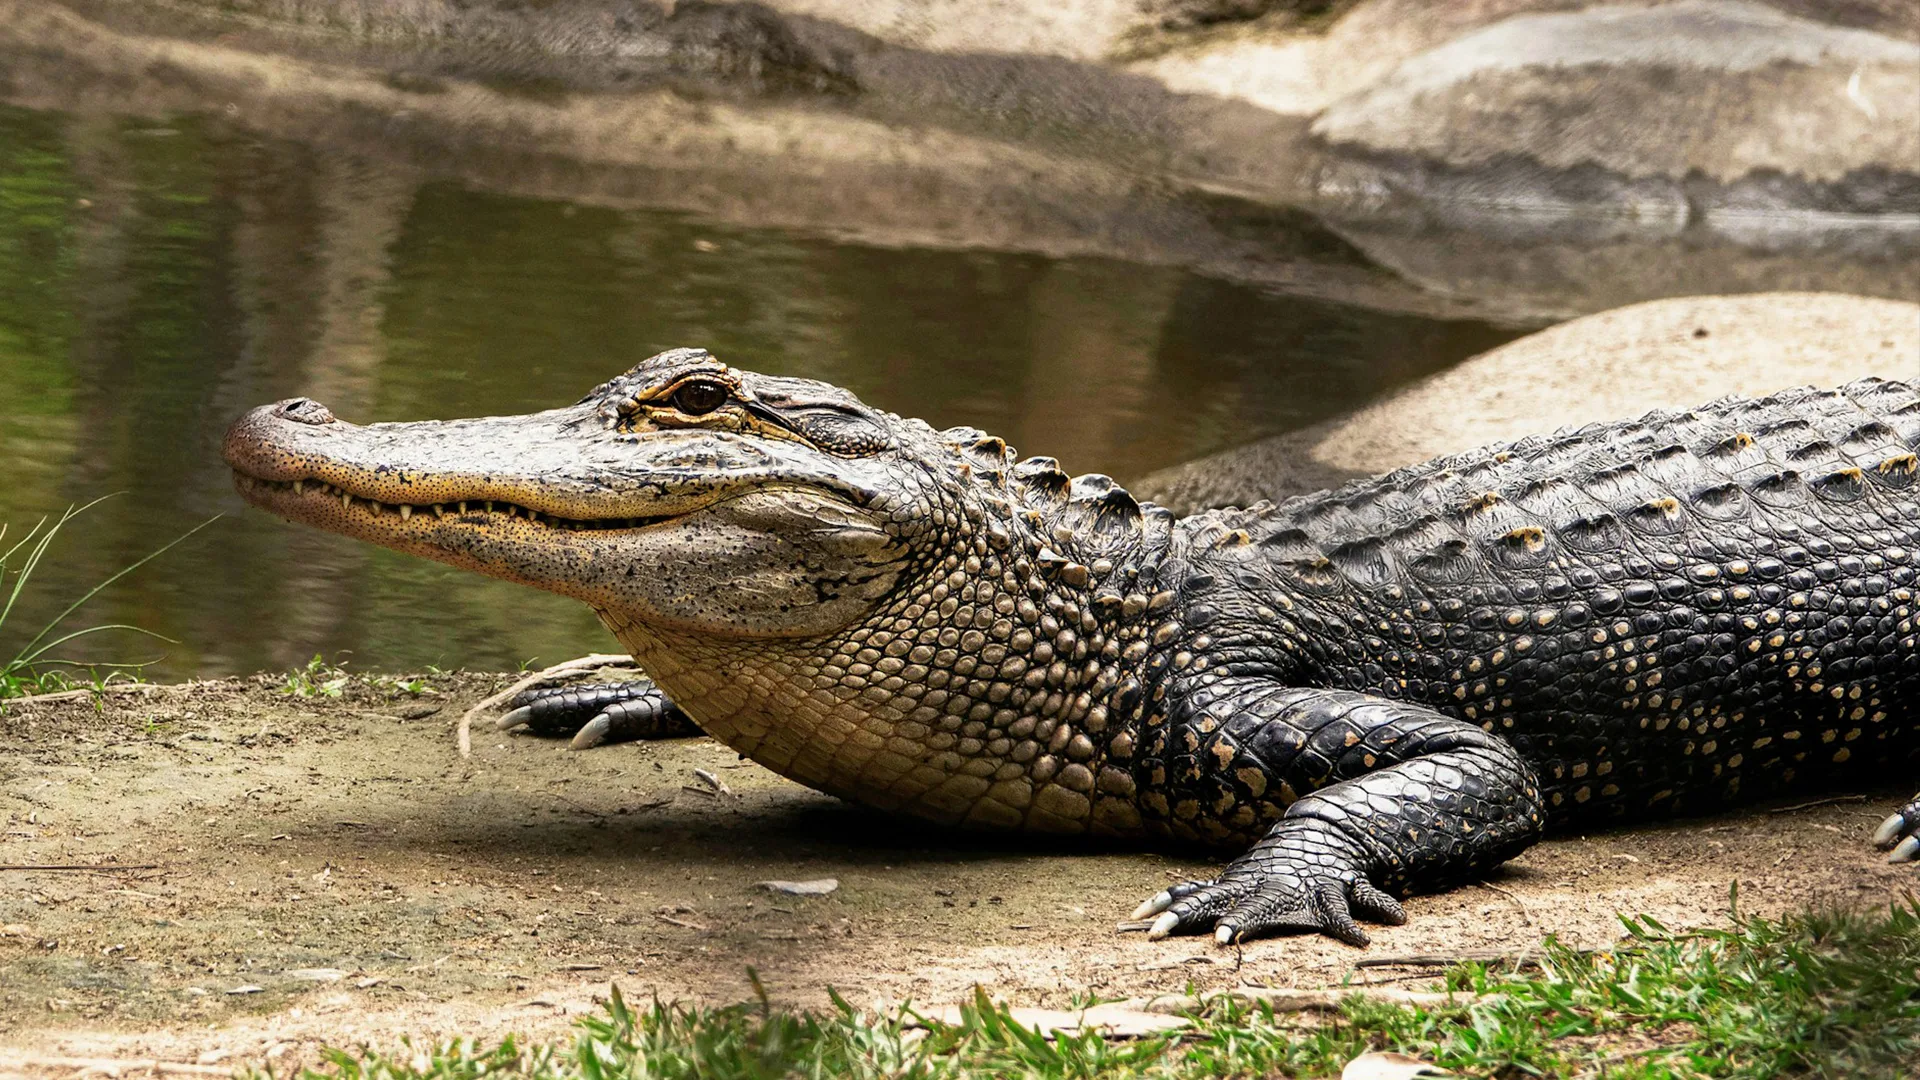 Crocodile on land next to river
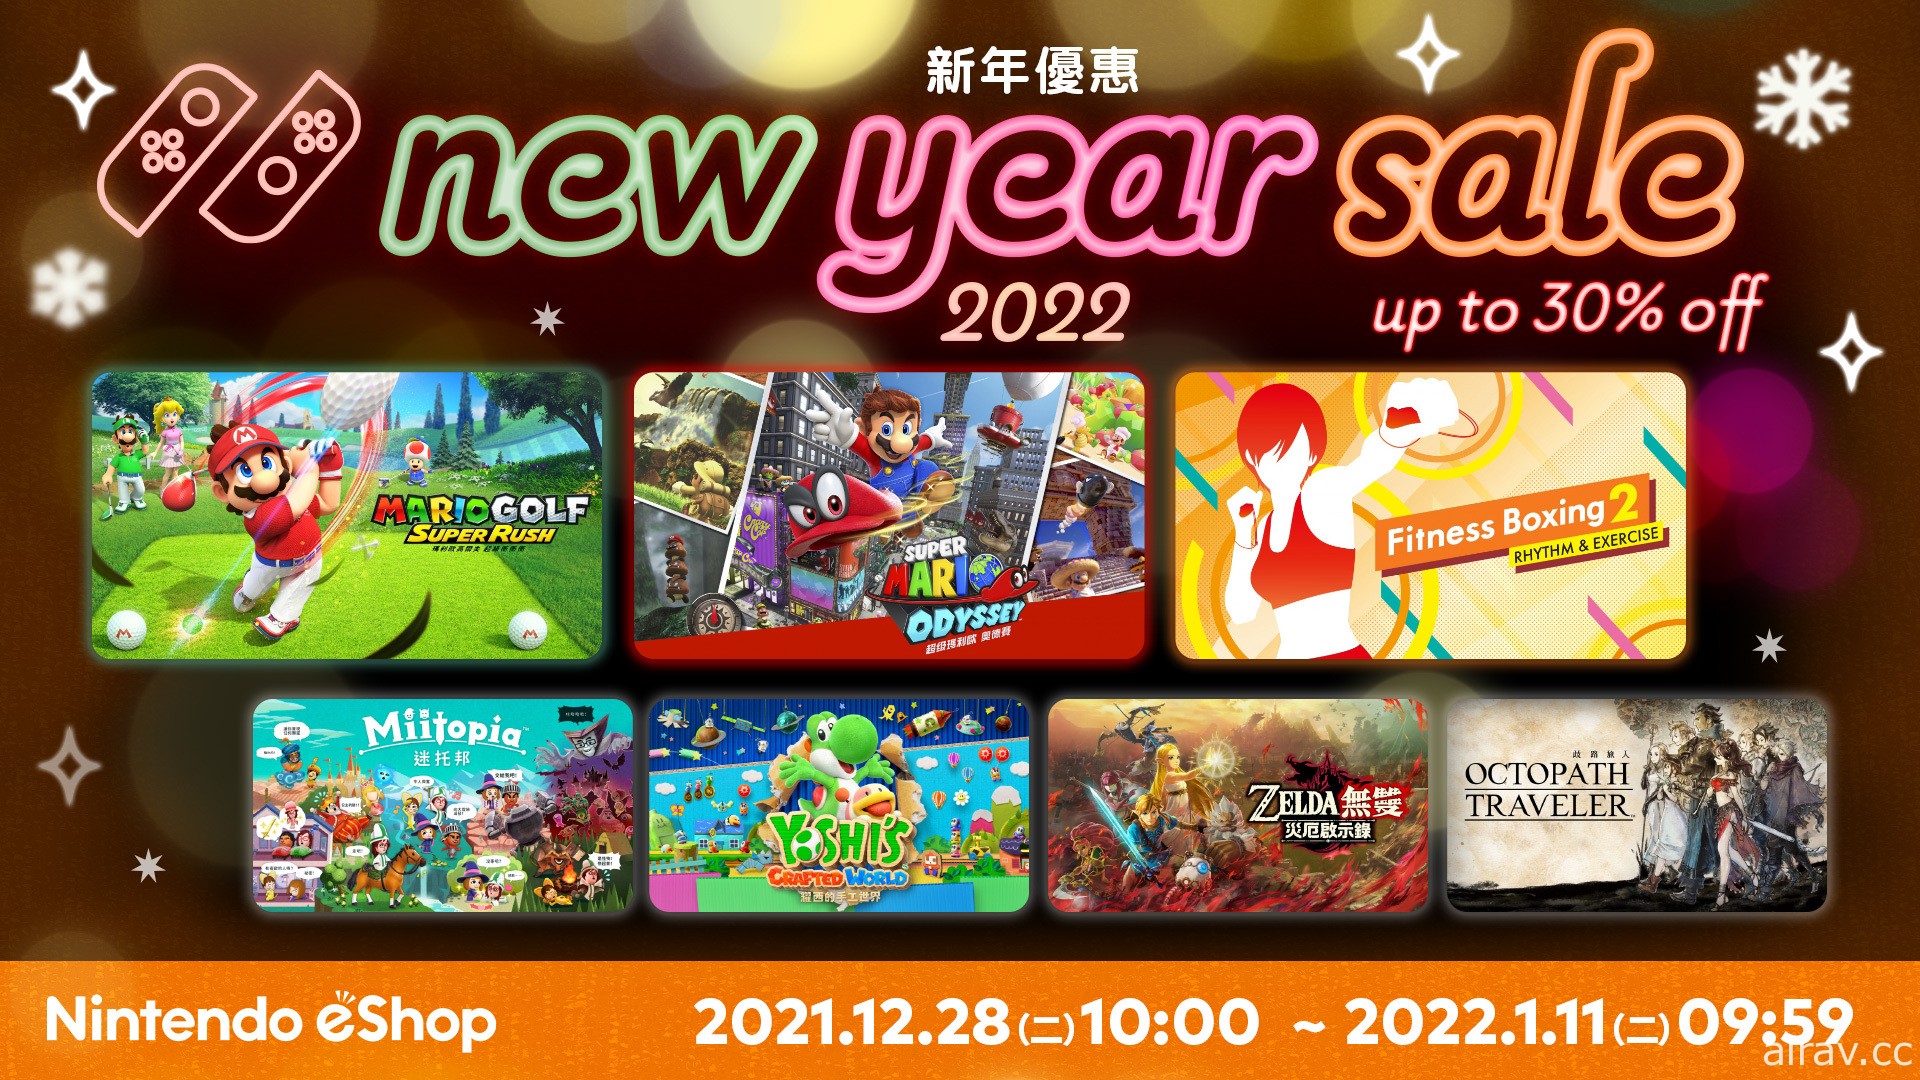 Nintendo eShop「新年優惠 2022」現已開跑 精選遊戲介紹
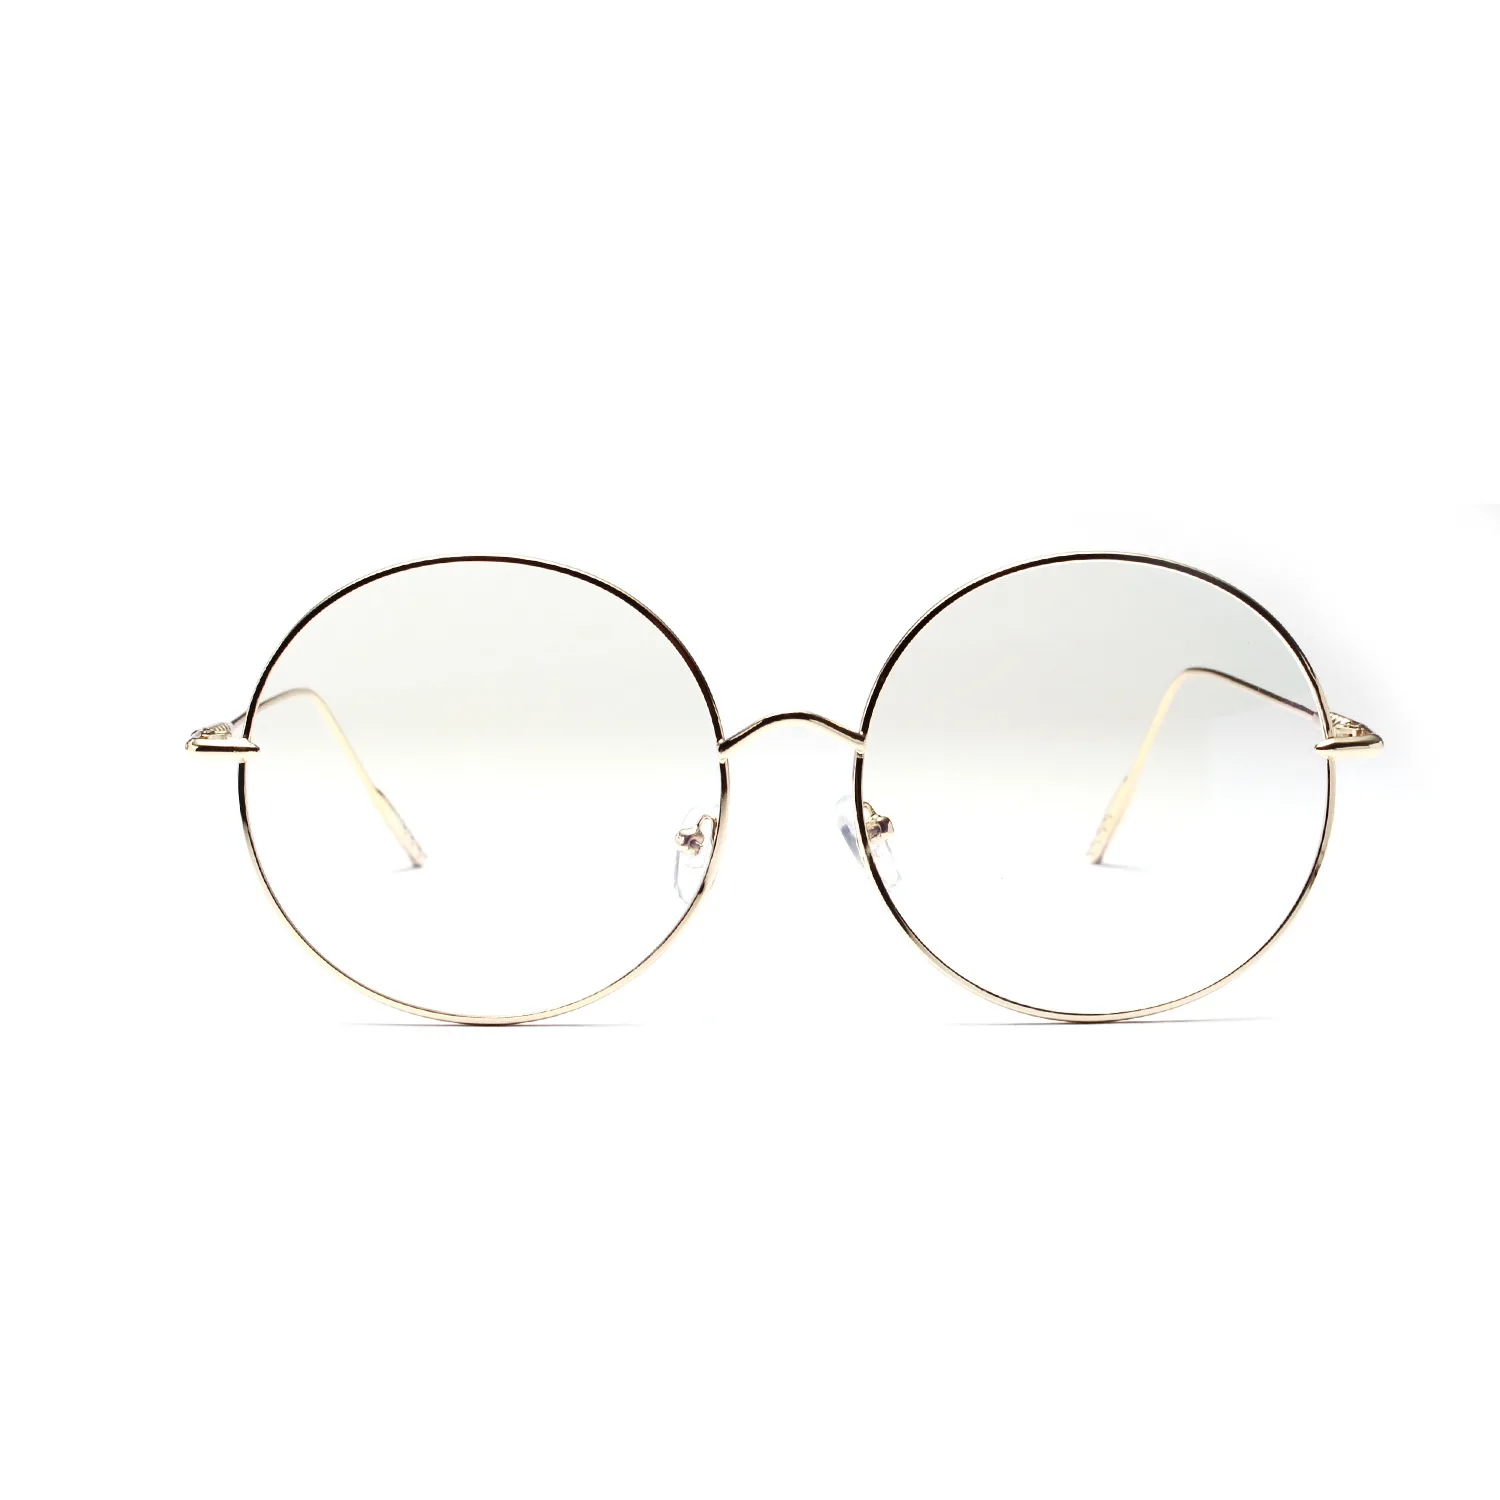 Cadru metalic rotund plat ochelari de sex feminin subțire cadru decorativ ochelari pentru bărbați și femei uv400
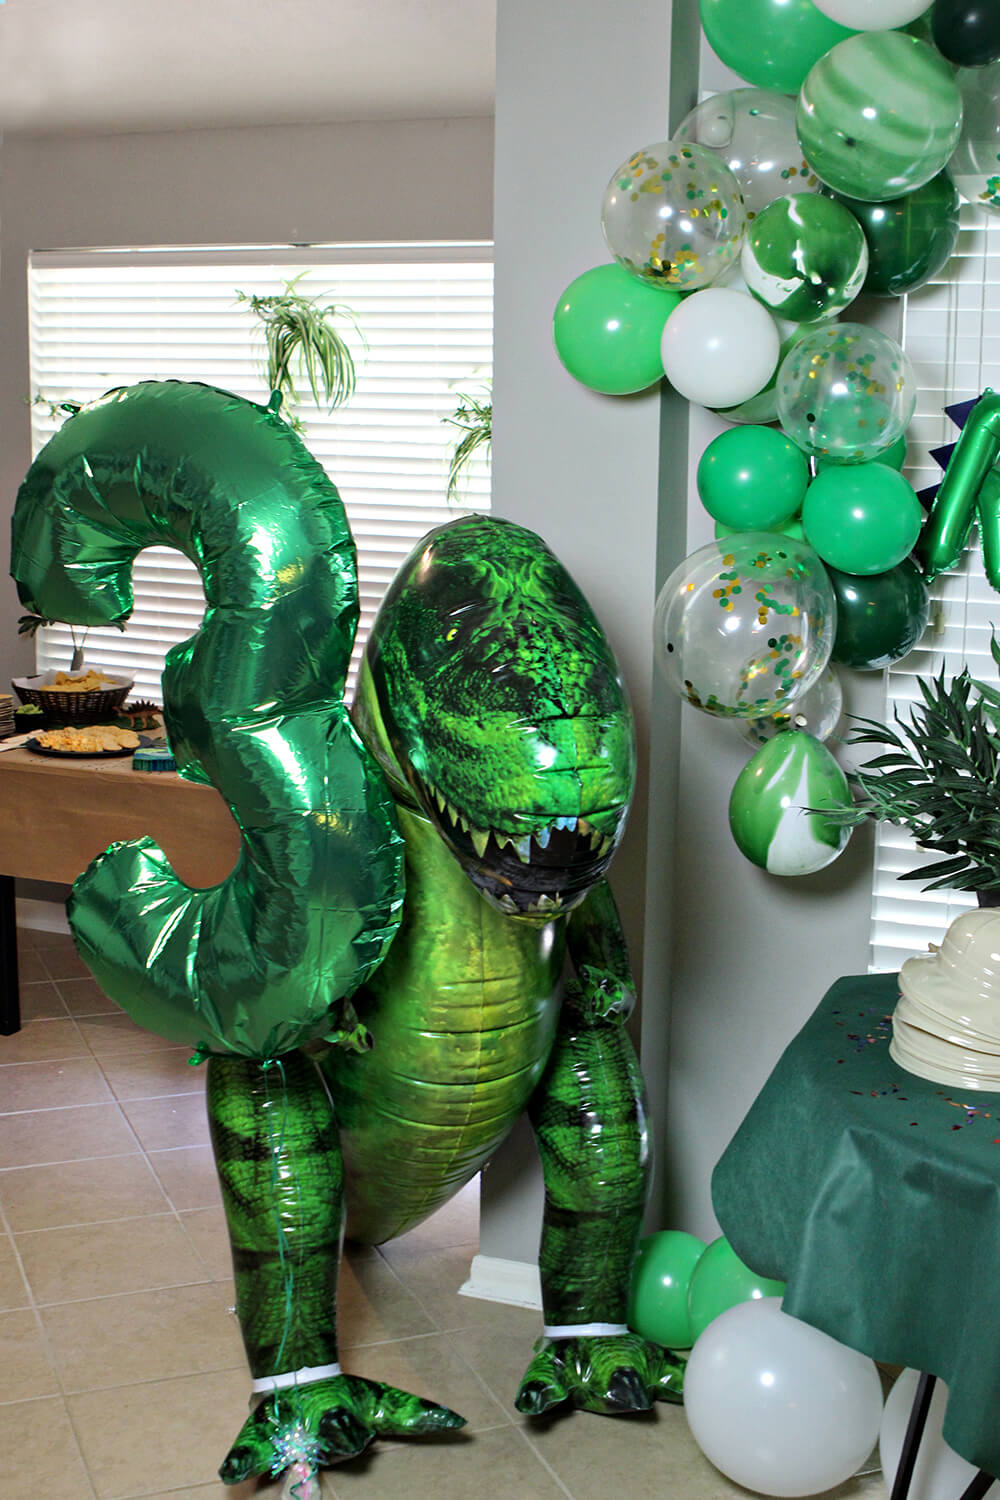 Three Rex Dinosaur Party Decor - Giant Inflatable T-Rex
----
A verbatim copy of the data, free of pictures, is the expected answer.

## Problem solution
 Crocodile on land next to river
 Nintendo eShop「新年優惠 2022」現已開跑 精選遊戲介紹
 Cadru metalic rotund plat ochelari de sex feminin subțire cadru decorativ ochelari pentru bărbați și femei uv400
 Three Rex Dinosaur Party Decor - Giant Inflatable T-Rex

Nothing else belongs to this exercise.